One subspecies, the Levant darter (Anhinga rufa chantrei), occurred at Lake Amik (Amik Gölü) in south-central Turkey, in Hula valley lake and marshes in northern Israel and in the marshes of the lower Euphrat and Tigris rivers in southern Iraq. The Turkish population disappeared during the 1930s, the Israeli population during Hula drainage in the 1950s, and the Iraqui population during the Gulf War in the 1990s.


This species builds a stick nest in a tree and lays 3–6 eggs. It often nests with herons, egrets and cormorants.

It often swims with only the neck above water, hence the common name snakebird.

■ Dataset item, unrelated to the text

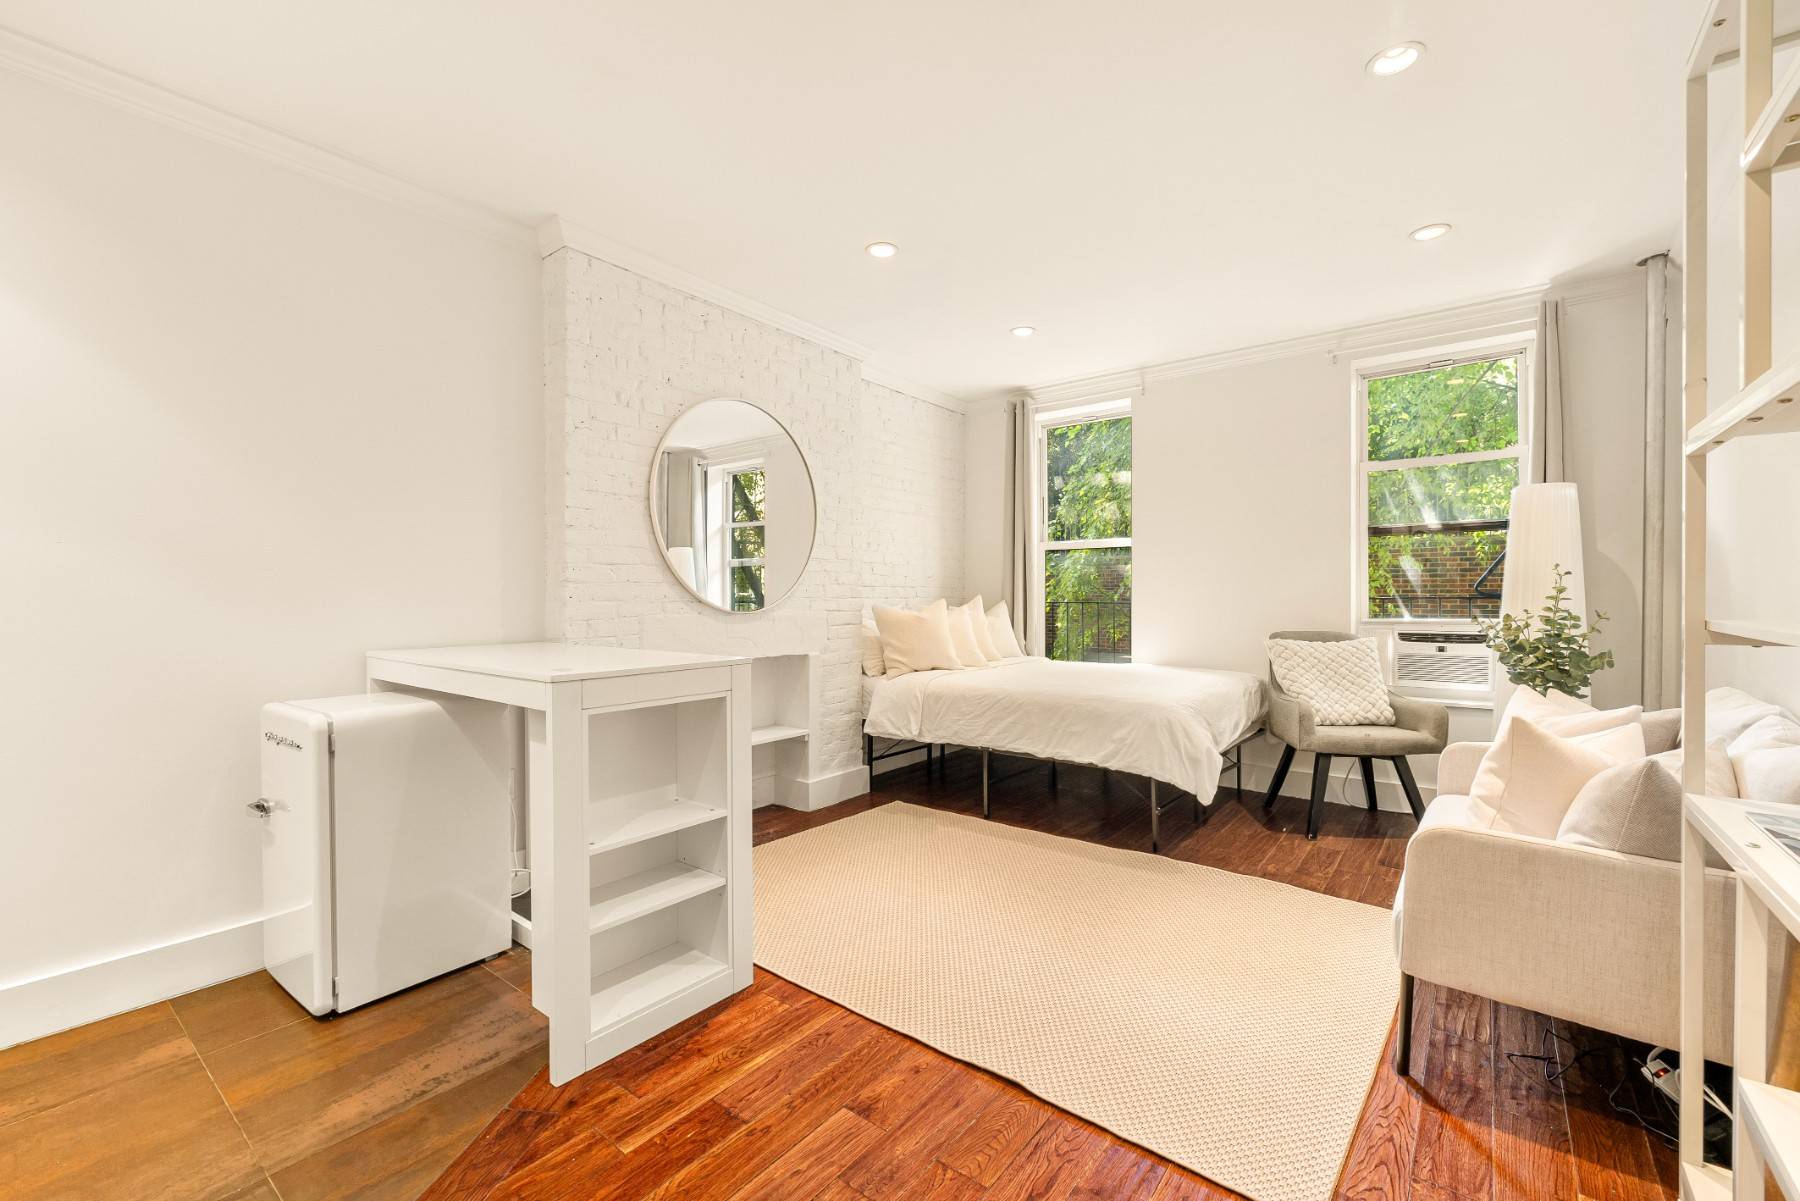 We are delighted to present this beautiful studio in one of New York Citys most prestigious neighborhoods, the West Village.
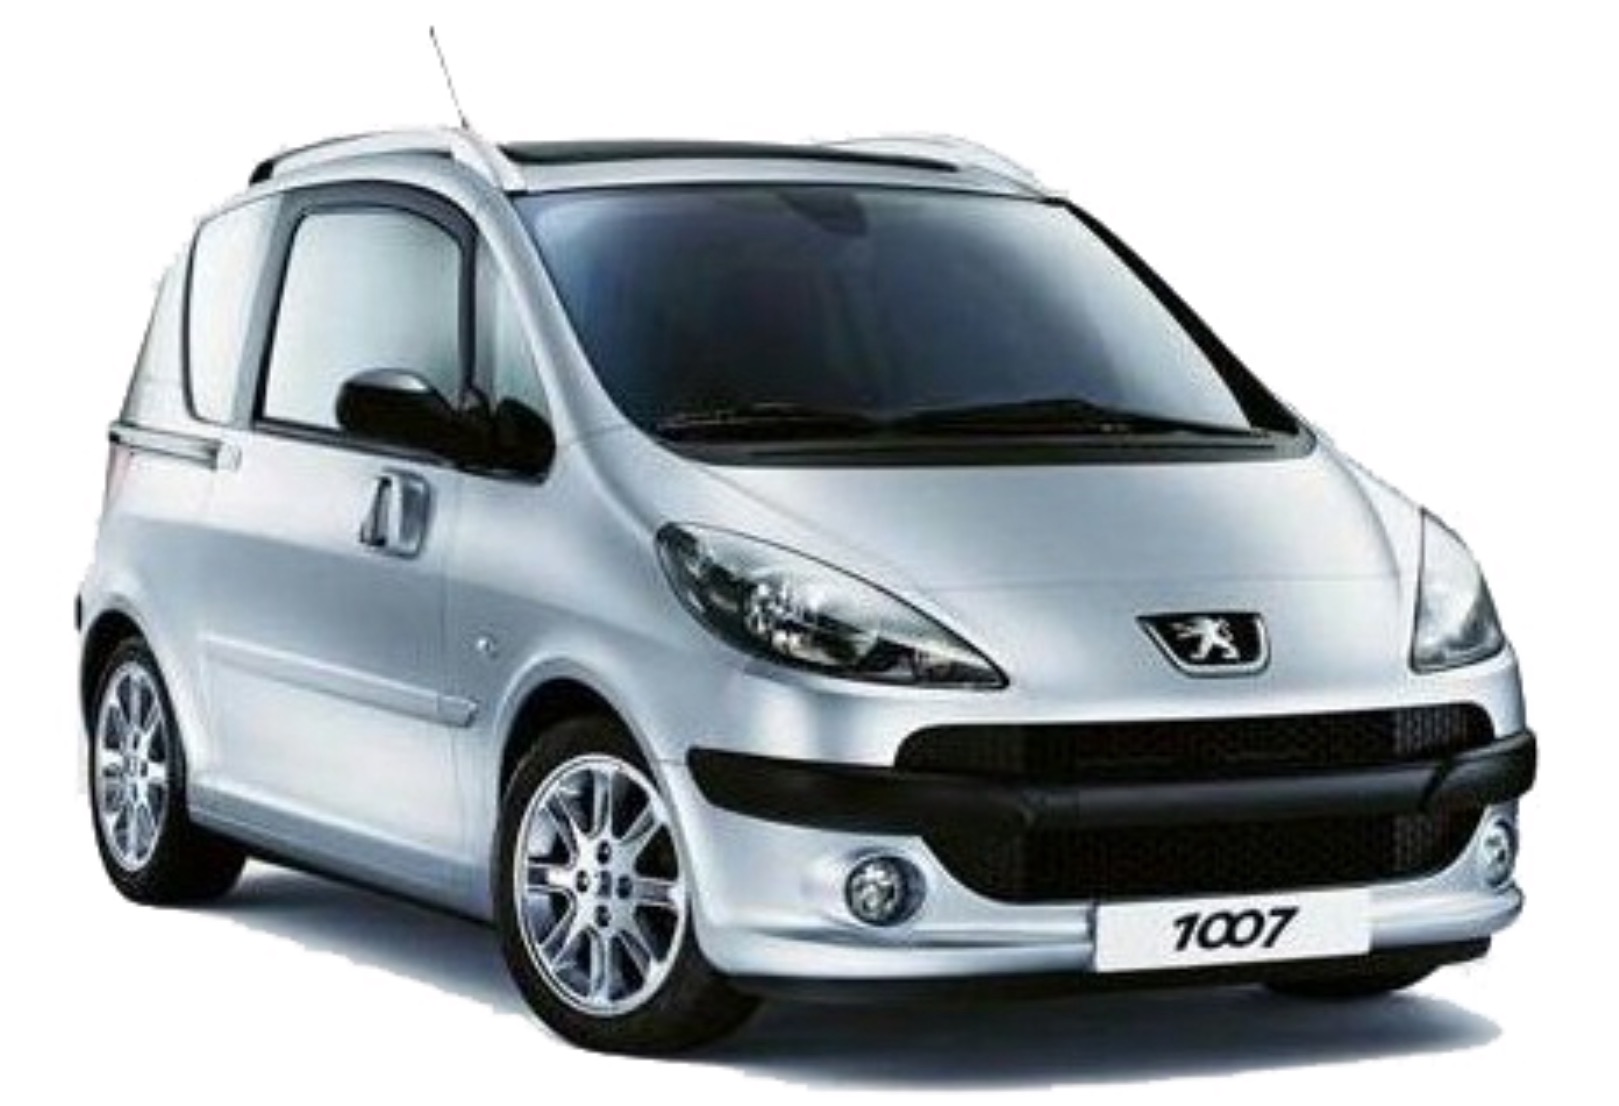 High Quality Tuning Files Peugeot 1007 1.4 HDi 68hp

This, too, is a habit shared with the other anhingas.

Unlike many other waterbirds the feathers of the African darter do not contain any oil and are therefore not waterproof. Because of this, the bird is less positively buoyant and its diving capabilities are enhanced. After diving for fish, the feathers can become waterlogged. In order to be able to fly and maintain heat insulation, it needs to dry its feathers. Thus the African darter is often seen sitting along the waterside spreading its wings and drying its feathers in the wind and the sun along with cormorants which may share its habitat.